Four days a week, Gaddies and Anderson awoke at 3:45 a.m. Gaddies ferried her grandson to the bus station so he could take BART to Laney. Not once was Anderson late for the Eagles’ 6:30 a.m. lifting sessions.
It was at Laney that he met Amir Sabzevary, a philosophy professor who made Anderson realize an important truth: An NFL career was impossible without a commitment to academics. After sharing carries his first year, Anderson settled in as Laney’s featured running back as a sophomore. Opponents regularly stacked the box to defend the Eagles’ run-oriented approach. Still, Anderson finished 2010 with 1,644 yards.
He signed with Cal to join a lineage of elite running backs that included J.J. Arrington, Marshawn Lynch and Jahvid Best. But in two years in Berkeley, Anderson made just two starts. He led the team in rushing as a senior despite splitting the workload with Isi Sofele.
In April 2013, Anderson watched on a Vallejo TV as 23 running backs were taken in the NFL draft. He wasn’t one of them. Anderson’s Denver-based agent, Peter Schaffer, connected him to the Broncos, who signed the free agent for a $12,500 bonus.
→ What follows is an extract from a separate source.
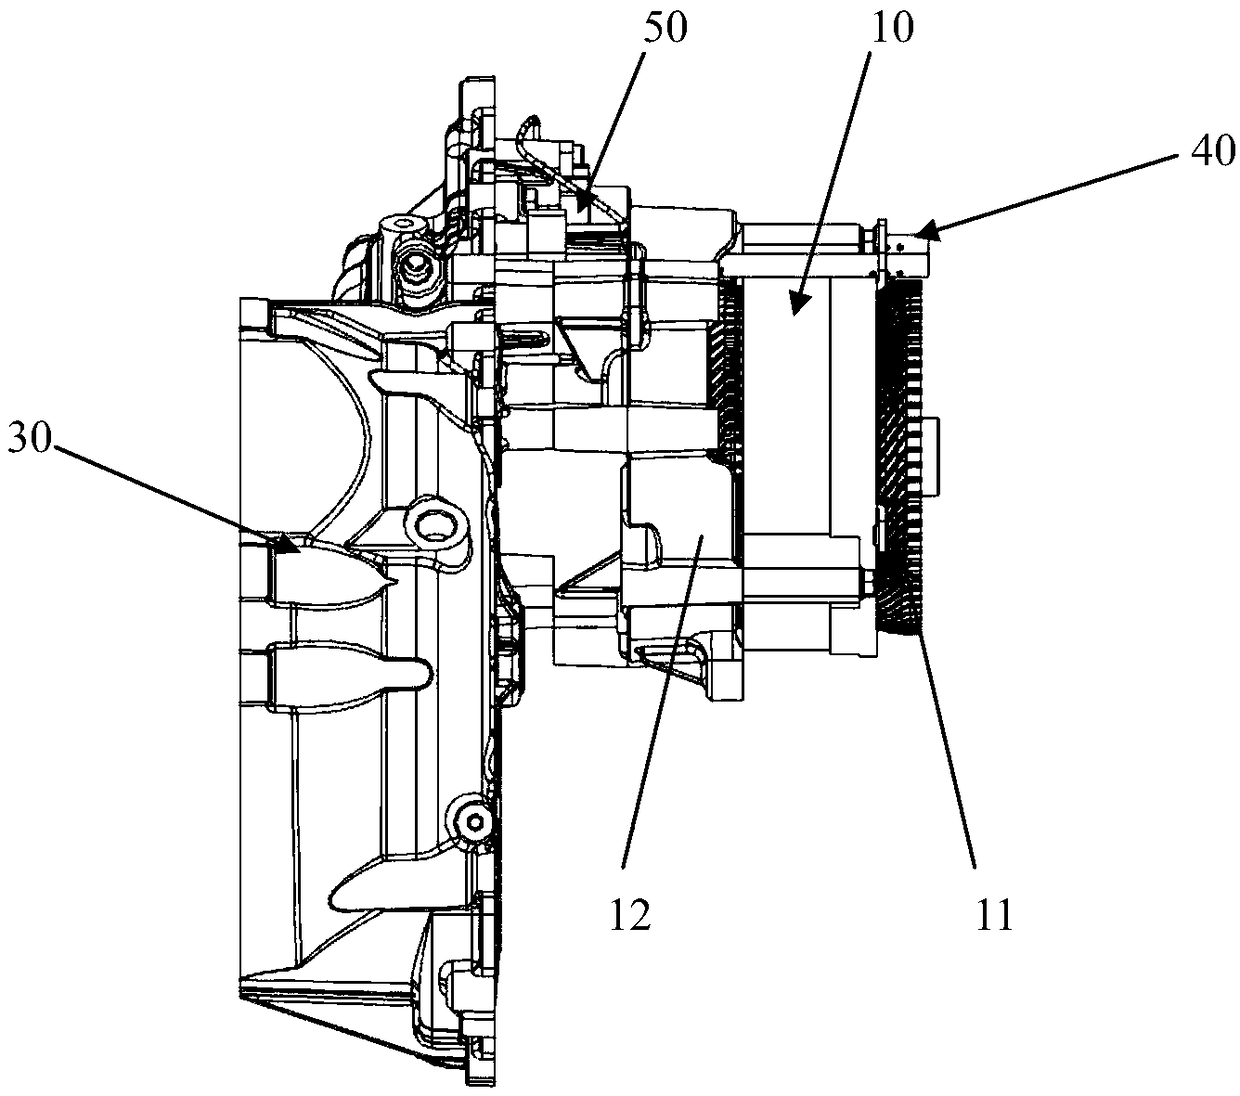 Integrated motor

His breakout performance came in Game 9 of the 2014 season, a half-hour from his childhood home. As running backs Montee Ball (groin) and Ronnie Hillman (foot) watched from the sideline, Anderson put together a 163-yard game (90 rushing, 73 receiving) against the Raiders at the Coliseum. Two months later, after a series of dominant outings, he became the fifth undrafted running back in NFL history to make the Pro Bowl.
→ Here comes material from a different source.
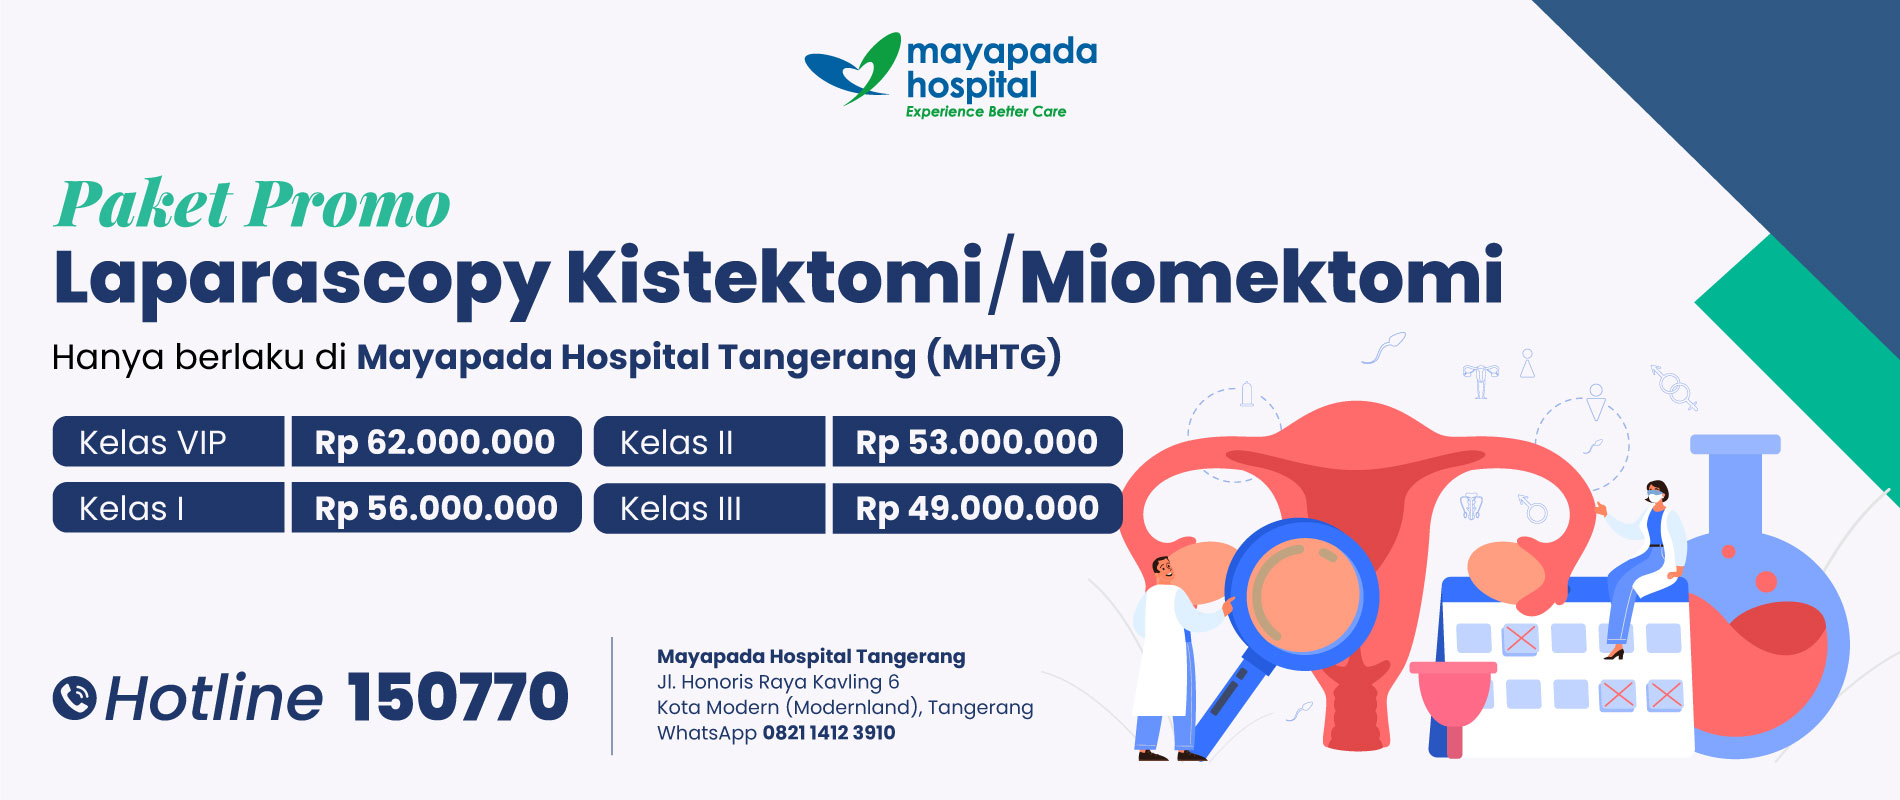 Paket Promo Laparascopy Kistektomi/Miomektomi Mayapada Hospital Tangerang IMG

Anderson recovered from a sluggish start this season. Including the playoffs, he has rushed for at least 72 yards in four consecutive games. On Sunday, in his second Super Bowl appearance in three years, Anderson figures to receive the bulk of carries ahead of Hillman.
“Back when he went undrafted, I told a couple of NFL guys that I felt like he had a bright future,” said Jeff Tedford, Anderson’s head coach at Cal. “It was clear he’d have a chance to make a strong contribution somewhere. I’m so happy for him.”
After watching his fellow Bay Area native rush for 72 yards in the AFC Championship Game, New England quarterback Tom Brady found Anderson on the field. “Way to fight and prove everybody wrong,” he said. “Keep climbing to be great.”
It is a message underscored by that No. 22 Broncos jersey hanging at Laney.